When I lived in Venice, it was mostly about everyday life, about
language and local culture and history, that I learned from my friends in the market and in the nearby
bacari,
wine bars. But in Tuscany, the lessons are all about food. As Barlozzo promised from that first day, for a rural folk, food is the fundamental theme of their lives.

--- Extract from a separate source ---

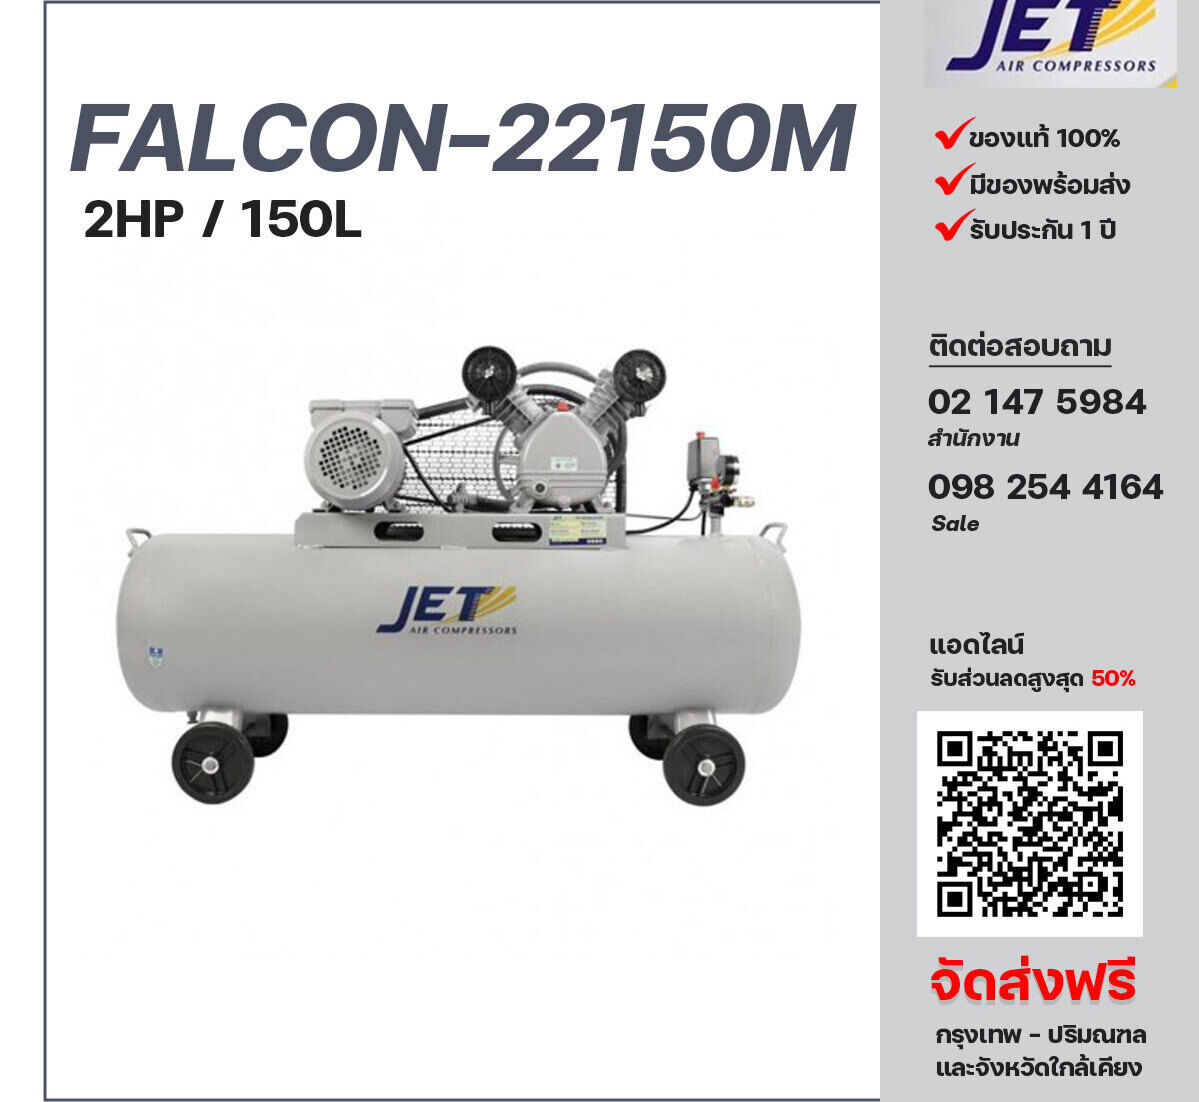 ปั๊มลมสายพาน JET ขนาด 2 แรงม้า รุ่น FALCON-22150M ไฟฟ้า 220V มอเตอร์ 3 แรงม้า ไฟฟ้า 220 โวลต์ ถังเก็บลมขนาด 150 ลิตร  รับประกัน 1 ปี ตามเงื่อนไขบริษัทผู้ผลิต

It’s different from that of the American who gets excited about the restaurant of the week or a holiday feast or a dinner party at which someone auditions a recipe from a just-acquired cookbook. Lunch and supper here compose a twice-daily-said mass. After all, here in the countryside, some people still grow it, gather, forage, and hunt for it. Often, they’ve transformed it from innocence into its supreme form, as is the case with the courtyard pig. They birthed him, fed him, raised him up into a fine, snorting creature, butchered him, salted his legs and washed them in wine, strung them up high from the eaves of their barns to swing in the Tuscan winds. Even now that most neither desire nor have need to follow each step of this getting-the-pig-to-table, they use this history, this sort of ancestral energy in other ways, as in the angst over the acquisition of the daily
etto di prosciutto.

“From what position on the leg are you slicing? And will you slice it by hand or in the machine? Is that sweet or salty? Was it cured nearby? How near? If it’s that too-sweet stuff from the Friuli, I’ll take
nostrano,
our own. How long did it age? Is the flesh moist? Or is it
dry? Is the grain of the meat smooth? Let me taste it. Let me taste the other one.”

Munching dolefully, shaking his head in pig-inspired grief, he says, “
Che ne so, io? Dammi un etto abbondante di quello lì.
What do I know? Give me a hefty hundred grams of that one.”